Fab! Now why don’t you practice pivoting and change the tongue tibble from a wide format to a long format where each row has the X,Y coordinates of a single point out of the 42 points?

I will give you a head start by renaming the columns with the X,Y coordinates for you. Make sure you inspect the code and understand what it does.

new_col_names <- paste0(rep(c("X", "Y"), 42), "_", rep(1:42, each = 2))

# The square brakets [] are a way of extracting specific items from a vector.
# This method is called "indexing" and specifically this is the "braket indexing"
# method. See the Box below for a more detailed explanation.
existing_col_names <- colnames(tongue)[1:15]

colnames(tongue) <- c(existing_col_names, new_col_names)

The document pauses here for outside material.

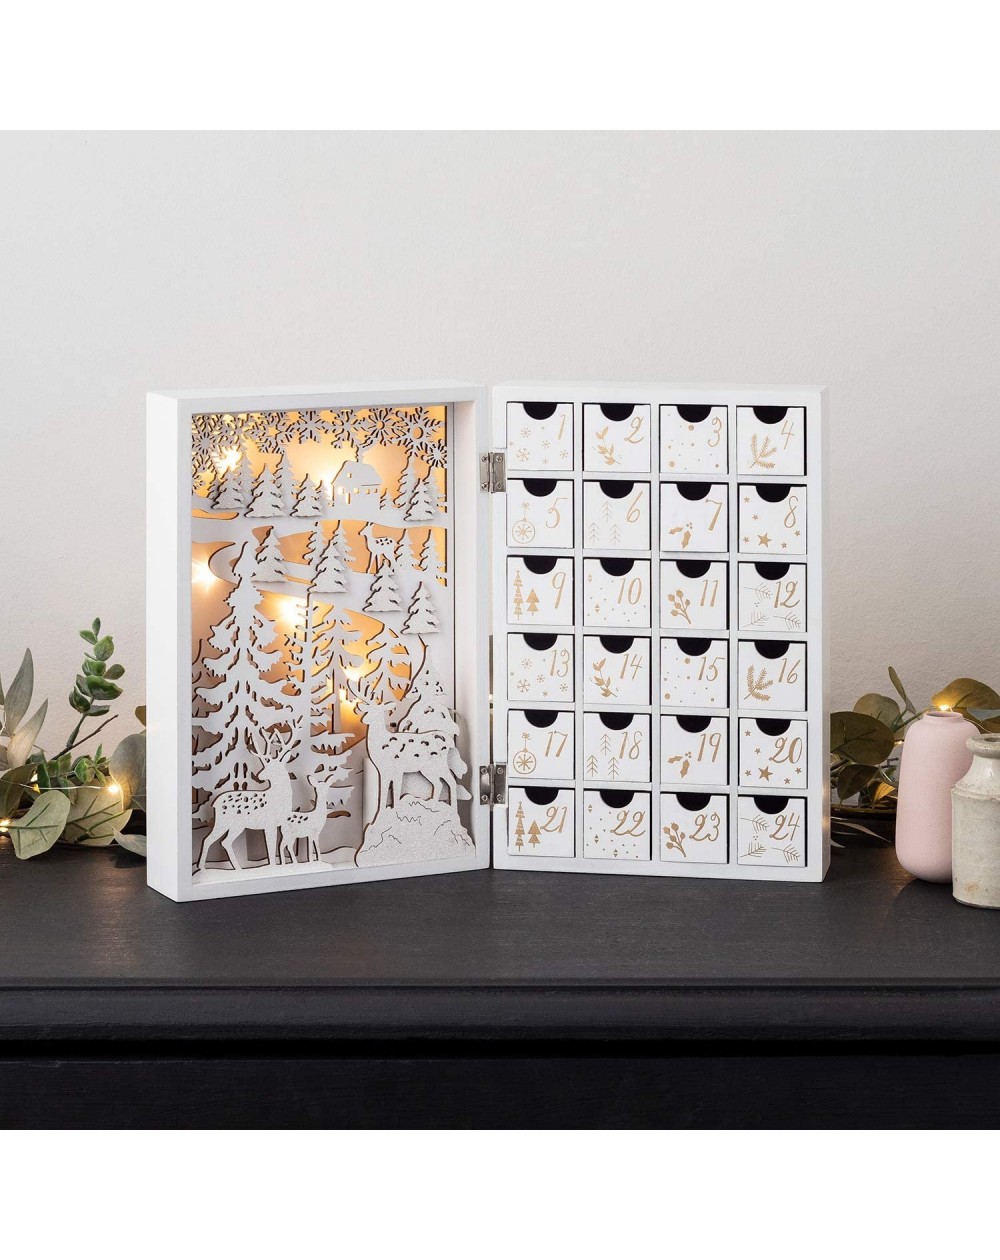 Advent Calendars Pre Lit Battery Operated LED Fold Out White Wooden Advent Calendar with Drawers - CM18T0HK6GN $33.79
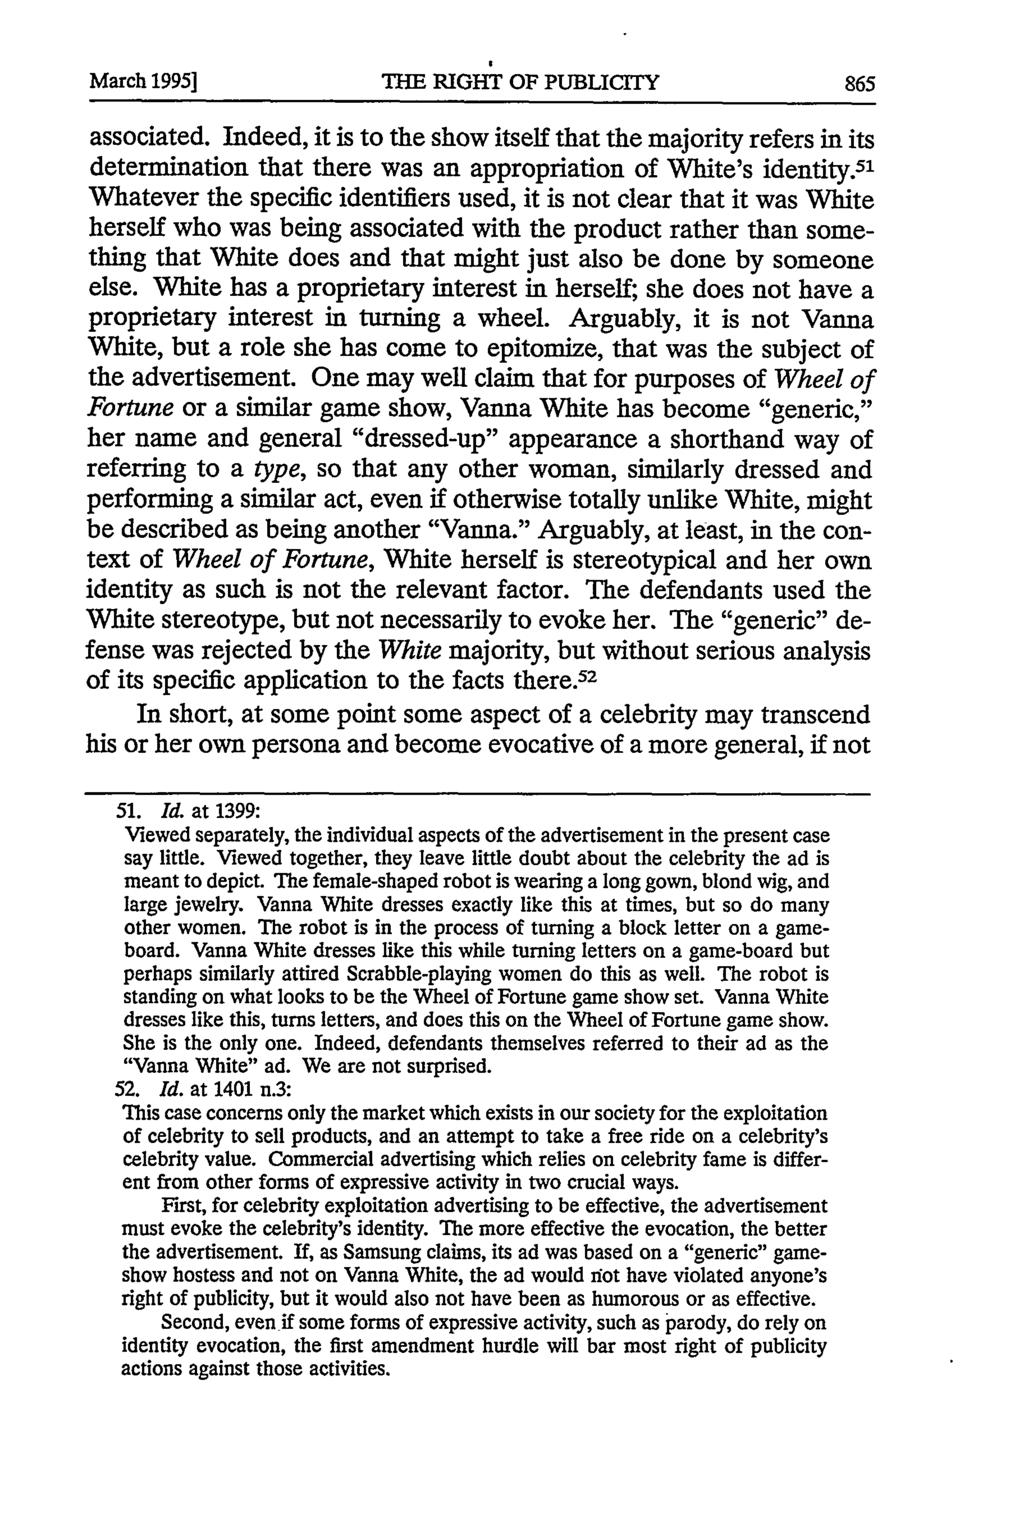 March 1995] TBE RiGHT OF PUBLICITy associated. Indeed, it is to the show itself that the majority refers in its determination that there was an appropriation of White's identity.

Now transform the data so that you end up with three new columns that replace all the X_n, Y_n columns: point with the point number (1 to 42), X with the x coordinate and Y with the y coordinate. You will need to use the separate() function to separate the X_n, Y_n names into X and n and Y and n.

Hint

Follow this workflow:

Pivot all the Xn,Yn columns from wide to longer.
Separate the column that has X_n’s and X_y’s into two columns: one that has X or Y and one with the point number 1 to 42. You can use the separate() function to do so. Check ?separate.
Now pivot from long to wider so that you get an X column and a Y column

It should look like this (only relevant columns shown):

Solution

tongue |> 
  pivot_longer(X_1:Y_42, names_to = "coord", values_to = "value") |> 
  drop_na(value) |> 
  separate(coord, c("axis", "point")) |> 
  pivot_wider(names_from = axis, values_from = value) |> 
  select(prompt, point, X, Y)